The one surprising and refreshing thing for me to hear is that defining AI ethics is a lot more about engineering than it is about “philosophy and moral talks”. Askell described her approach as deeply empirical, relying on tools like Reinforcement Learning from Human Feedback (RLHF). In this method, human evaluators score model outputs to create a feedback loop, iteratively aligning the system’s behavior with desired norms. For example, RLHF can train models to avoid biased or harmful outputs by incorporating real-world user feedback.
I really like how she explains that their role is to “nudge” Claude in a certain direction rather than “instructing him”. It’s really like educating a child, in many senses.She noted that ethical principles like fairness or harm reduction guide the work, but the actual execution is a matter of testing, measuring, and optimizing performance.

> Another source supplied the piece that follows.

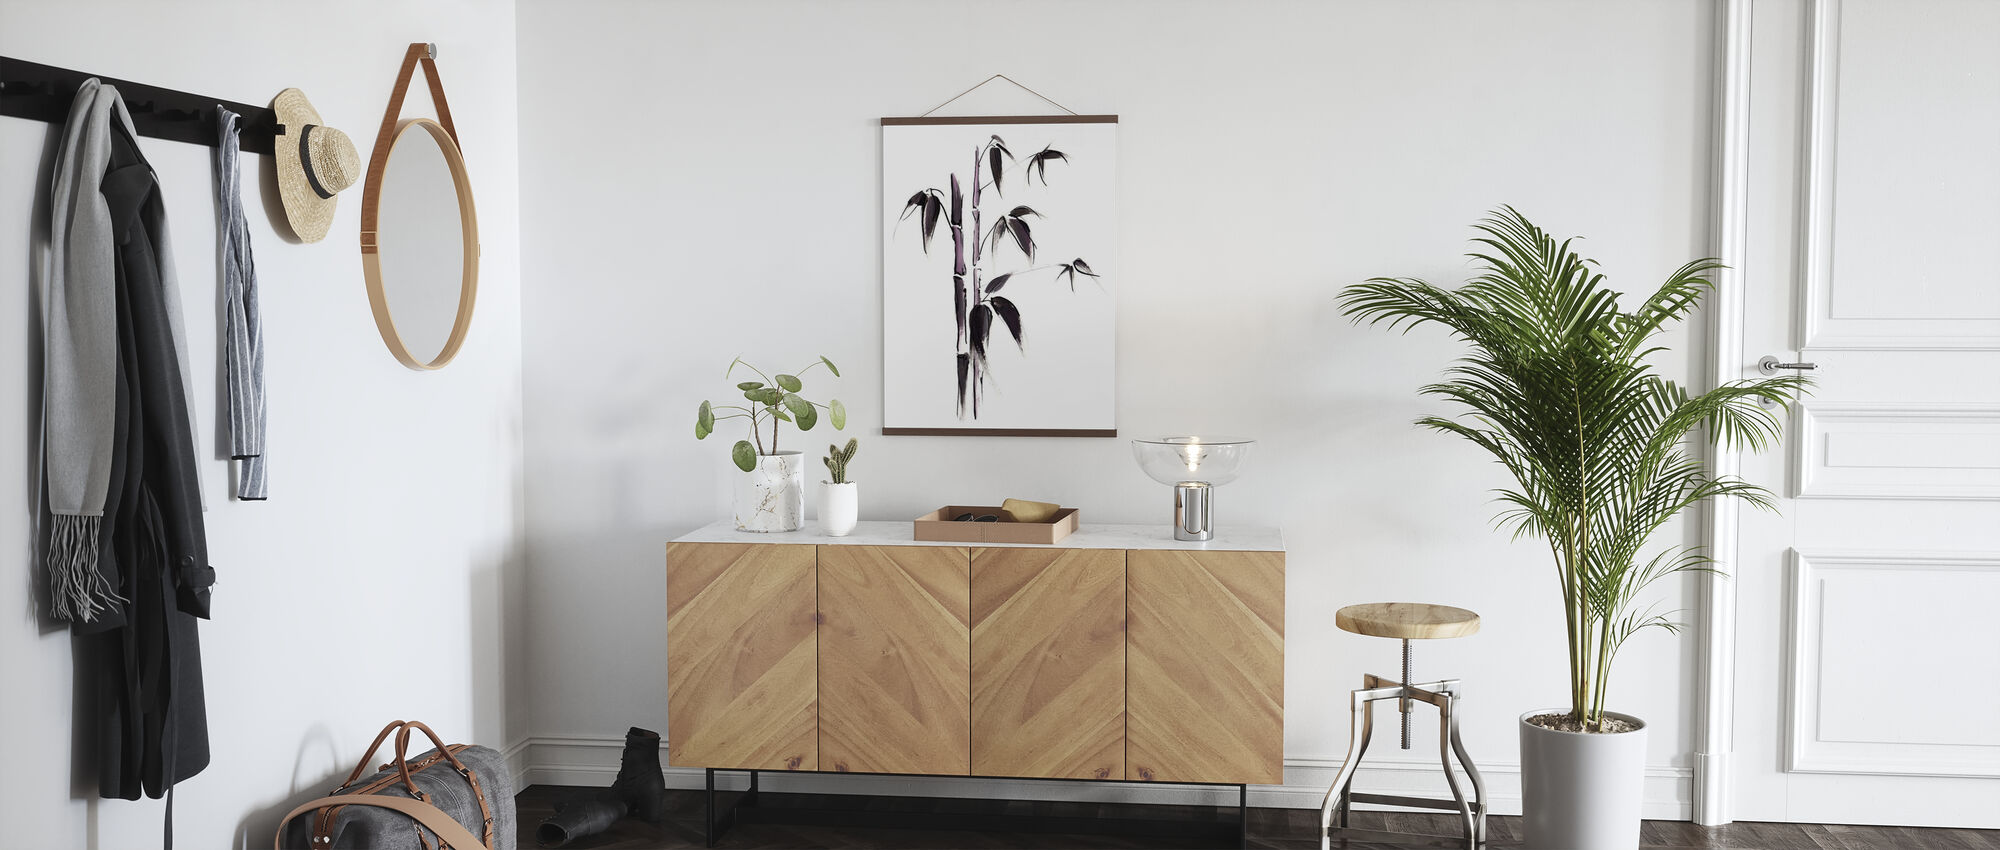 Illustration en bambou - Affiche - Entrée

Mechanistic Interpretability: Understanding the Neural Unknown
Final part of the podcast is with Chris Olah, Anthropic’s lead researcher in mechanistic interpretability, a field focused on decoding how neural networks work. While AI systems like GPT deliver remarkable results, researchers often don’t fully understand why. And so there are full teams dedicated to understanding better how the models work, and how they are so efficient. At the end of the day this is not very different vs a neuroscientist trying to understand how human brain works.
Olah described his work as opening a “black box” to map how different neurons, layers, and activations contribute to specific behaviors. For example, his team has identified neurons linked to concepts like sentence syntax or object recognition. Most of his team’s work is around answering the question “how did AI do what it just did?”.
Conversely to the previous section, this work sounded a lot more abstract than I had anticipated. Unlike fine-tuning or optimization, this work resembles theoretical scientific research. Olah emphasized the importance of forming bold hypotheses and rigorously testing them, even if they’re wrong. He likened the process to early astronomy, where inaccurate star maps laid the groundwork for modern celestial mechanics. Similarly, today’s interpretability research is building foundational insights into neural networks.
Really fascinating how little we still understand of AI, sounds to me like nature or evolution: we know the basic rules and have some heuristic of how it develops (the scaling laws), but there’s still so much unknown!
I hope you enjoyed the read, wish you all a fantastic weekend!
Giovanni
Book in a tweet
In a post about Artificial Intelligence, the reading recommendation can’t not be about Human Stupidity!
A serious economist, Cipolla, argues that “stupidity is the most destructive force in society: it’s universal, irrational, and costly to everyone—yet often underestimated”.